А в середине 60-х контора «Мосдачтрест», предоставлявшая чиновникам вышесредней руки и заслуженным ветеранам дачки за умеренную плату, владела половиной Малаховки. В очень незначительной части этой половины я прожил несколько лет, лет — в смысле с последних чисел мая до конца августа. Подготовка к переезду на дачу, куда надо было везти все — кастрюли-сковородки, ножи-вилки, подушки-одеяла-телевизоры, занимала старших членов семьи гораздо больше, чем мой день рождения, 30 мая, и отмечать его было не принято, кроме того, иногда сам переезд приходился как раз на этот день. Не до того. Первые пару раз я слегка дулся, не давая, впрочем, повода для вопросов, потому как понимал, что мне быстро объяснят несостоятельность моих претензий, потом — нет. Детская притязательность семьей не поощрялась. Свой день рождения я и теперь отмечаю редко, а с семьей — никогда. Но тогда — переезд! суматоха, тюки и коробки, лает собака, ругается дед, один из отцовских шоферов — Коля, бычьей силы и довольно тупой — кидает пожитки в кузов, все дергаются, потому что боятся гаишной проверки: машина-то государственная, использовать ее для личных нужд как бы и нельзя. Едем! Приехали. Дачи были простенькие, небольшие, обычно их занимали две-три семьи, негласно деля участок на где кому можно. Терраска, пара комнатух, кухня, дымящая печка, панцирные сетки полуржавых коек, газ баллонный — уютно, в общем. На участке — сосны, малиновые заросли, черника и прочее из обычного подмосковного антуража. В первый сезон моим соседом был парнишка на год старше, он пытался играть на виолончели, вызывая адекватный отклик не успевших сбежать собак, и смотрел в микроскоп. Микроскопу я завидовал, виолончели — нет. Когда я поинтересовался возможностью немедленно приступить к изучению микробиологии с помощью личного микроскопа, дед буркнул — ерунда, только глаза испортишь, и был, как всегда, прав, — глаза я испортил и без микроскопа.
Все бы хорошо, но наш участок граничил с территорией загородного детского сада, куда на лето вывозили из душной Москвы детишек, чьи родители не входили в номенклатуру «Мосдачтреста». Два сезона до начала дачных я провел в таких именно лагерьках и не могу сказать о них ничего плохого; было, как это сейчас говорят, довольно прикольно, во всяком случае, укусивший меня в центр ладошки шмель привил уважительное отношение к насекомым. У детсадовских соседей считалось хорошим тоном повиснуть после завтрака на заборе и дожидаться меня, чтобы по возможности тепло приветствовать. Конечно, основой их всегдашней недоброжелательности было присущее всем русским людям стремление к социальному равенству, но я, надо сказать, был идеальной мишенью детского острословия. Перед отъездом на дачу меня остригали наголо, мотивируя это дело заботой о качестве волосяного покрова, а на самом деле — чтобы не возиться летом со стрижкой, поэтому всю первую неделю лета с забора орали — лысый, иди пописай! Дальше им надоедало, а потом и волосы отрастали, и дети за забором менялись.

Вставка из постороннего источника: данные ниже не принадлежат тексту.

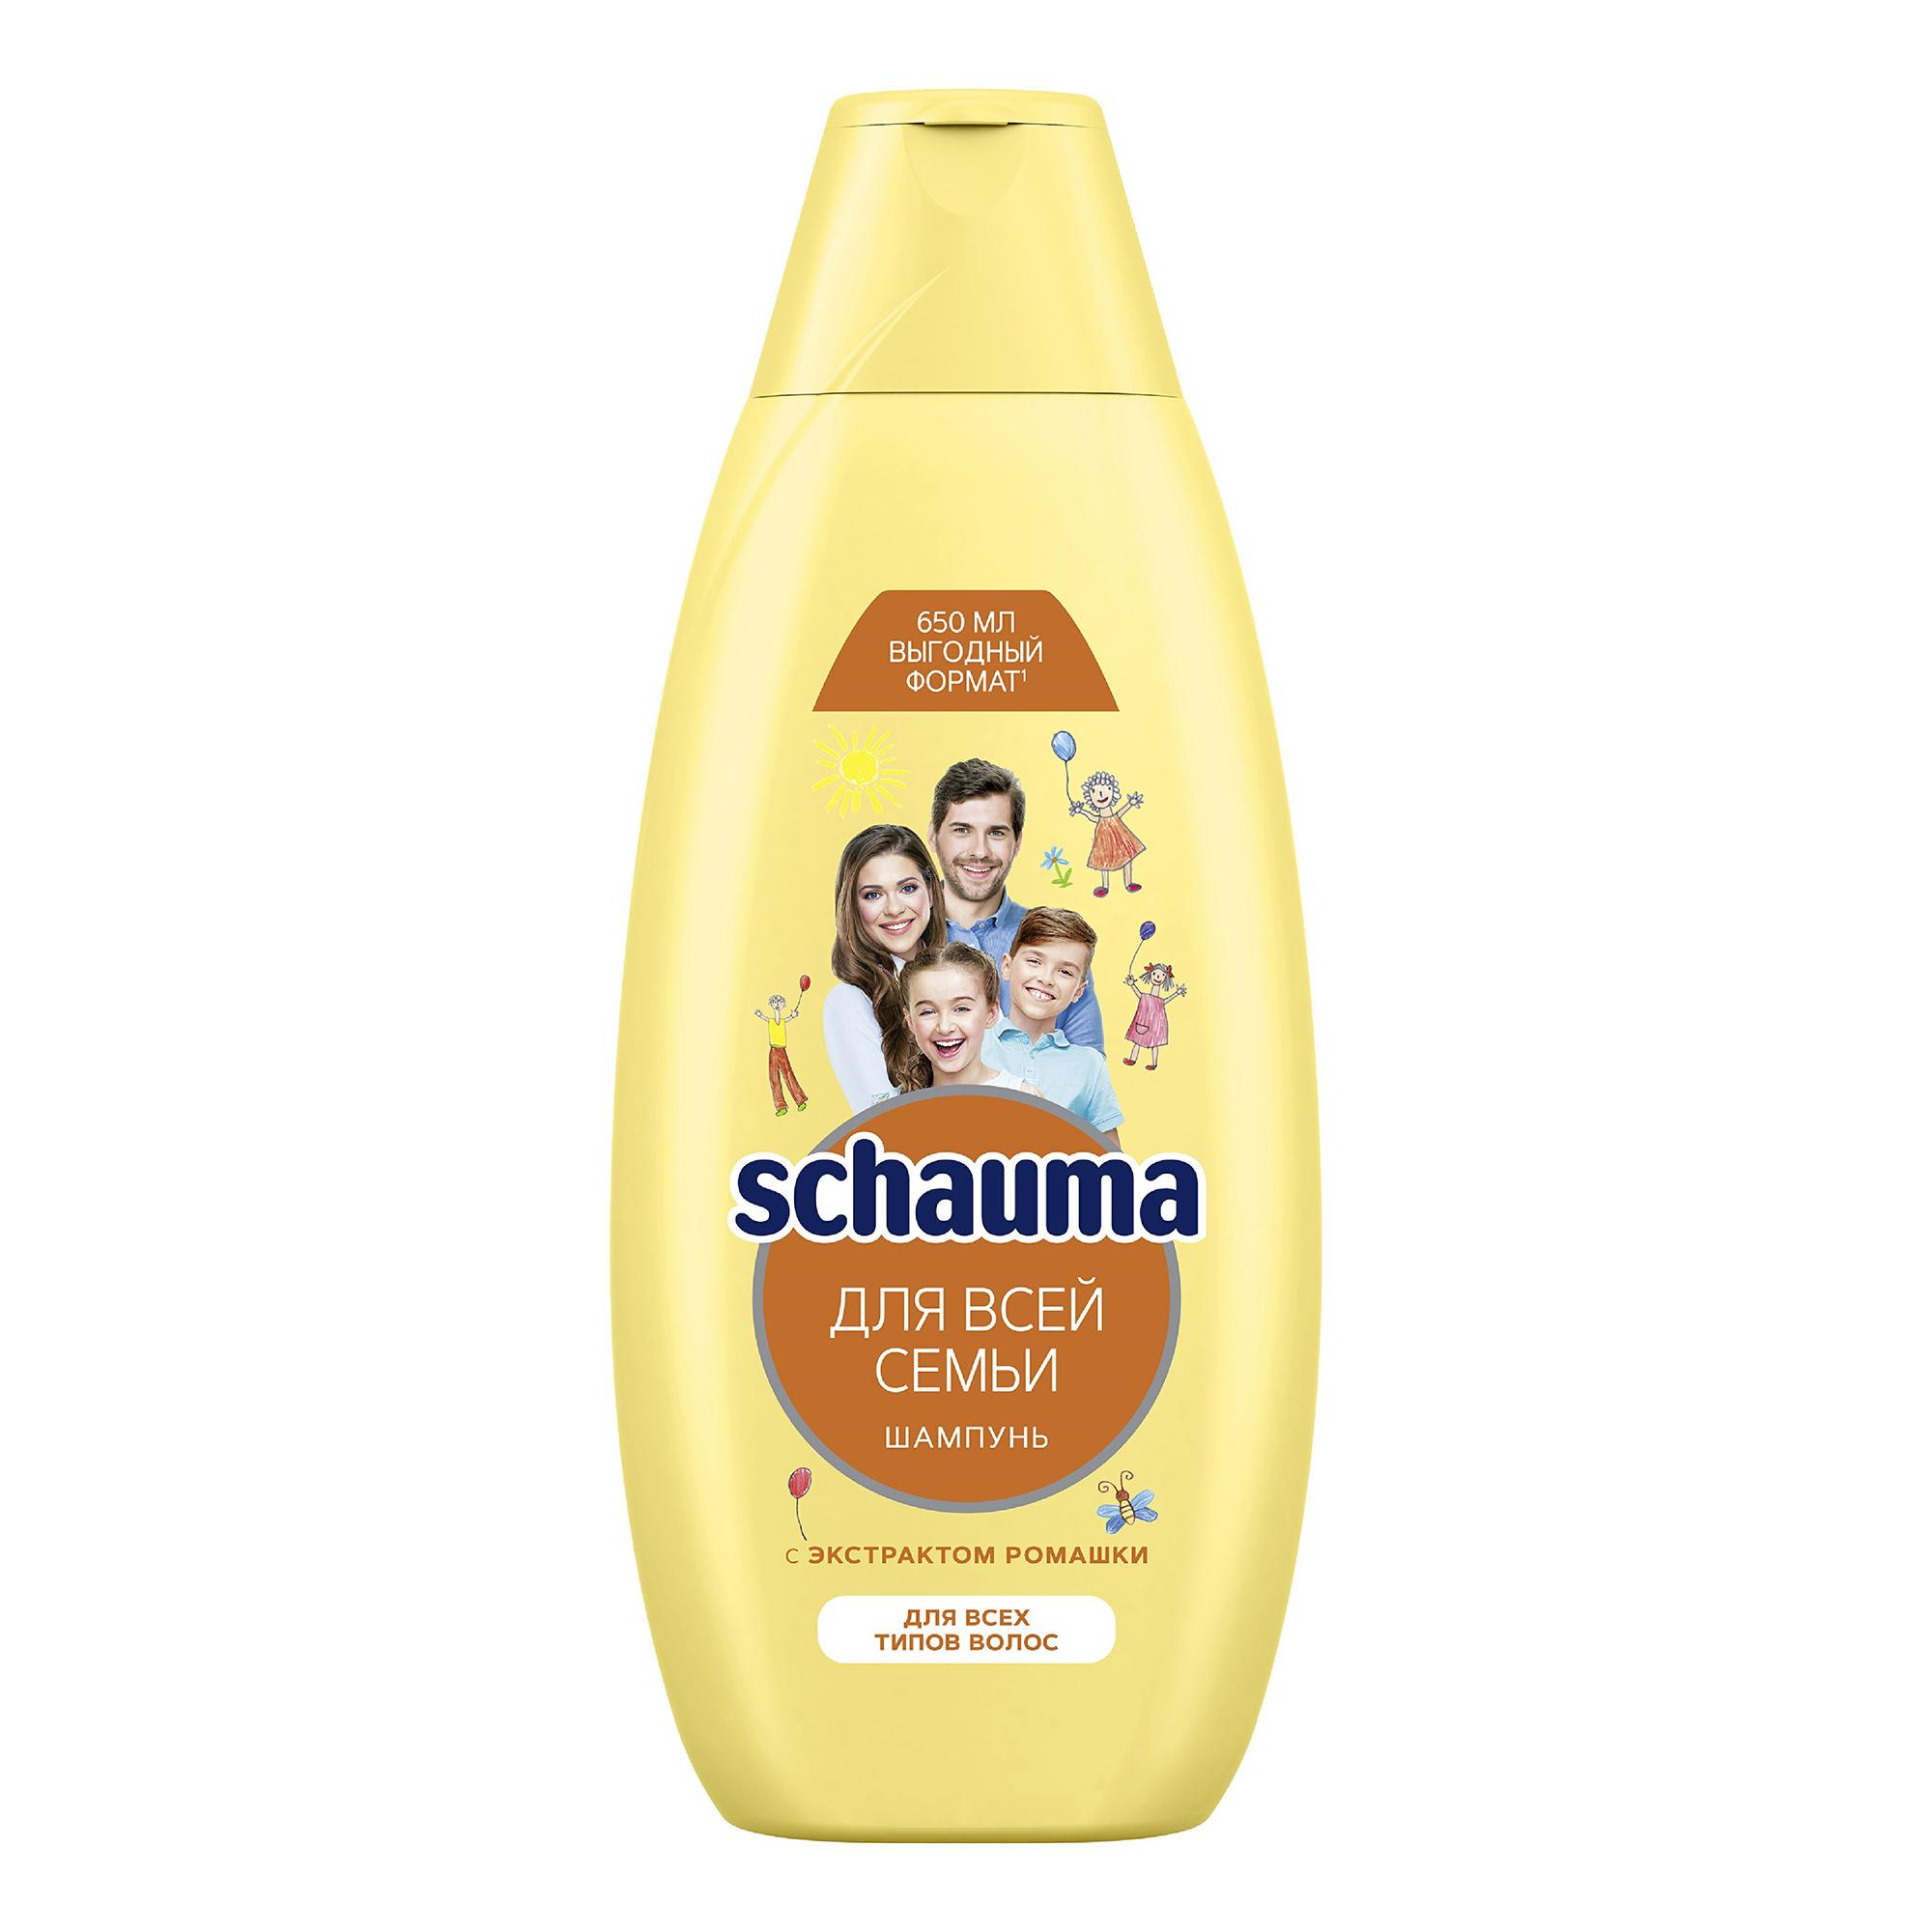 Шампунь Schauma для всей семьи с экстрактом ромашки для всех типов волос, 650 мл., ПЭТ

Основным моим развлечением был, естественно, велосипед, купленный к первому дачному лету. У соседа, виолончелиста-микробиолога, был такой же «Школьник», но с красными покрышками. Я убеждал себя, что черные намного практичнее и вообще, но некоторое сомнение в обоснованности собственных доводов все-таки присутствовало. Утешало то, что катался я намного лучше, ни разу не проиграв ни заездов на скорость, ни на без рук, ни на правильность выбора маршрута, чтобы не отловили на обед. У предыдущего велика, маленького, тормоз был только ручной, и в первую поездку меня сопровождали родители. Объяснить новую методу торможения они не успели, я покатился — быстрей, быстрей! — к повороту, где тропинка шла впритык к забору. Не зная еще, что такое центробежная сила, и не успев удивиться отсутствию тормозной ручки на руле, мне пришлось близко познакомиться с забором, а потом и с пинцетом, которым из щеки и губ были удалены полторы дюжины ха-а-роших заноз. Но сначала ругали, с испугу, наверное. Перед оказанием первой медицинской помощи и параллельно ей всегда ругали, жалели потом, но не чрезмерно. Закаливали, так сказать, дух и тело. И действенный ведь метод! Когда, лет в четырнадцать, я слетел с чужого мотороллера и здорово расшибся, первым делом после головомойки самостоятельно ножницами отрезал то, что заново прижиться к ноге уже явно не могло, а йод и бинт использовал ловко и умело. Телесные муки не превзошли возможных духовных в случае применения мер воспитательного характера. В то первое малаховское лето «Школьник», подобно мустангу из прерии (ну с чем еще сравнить?), сбросил меня еще разок.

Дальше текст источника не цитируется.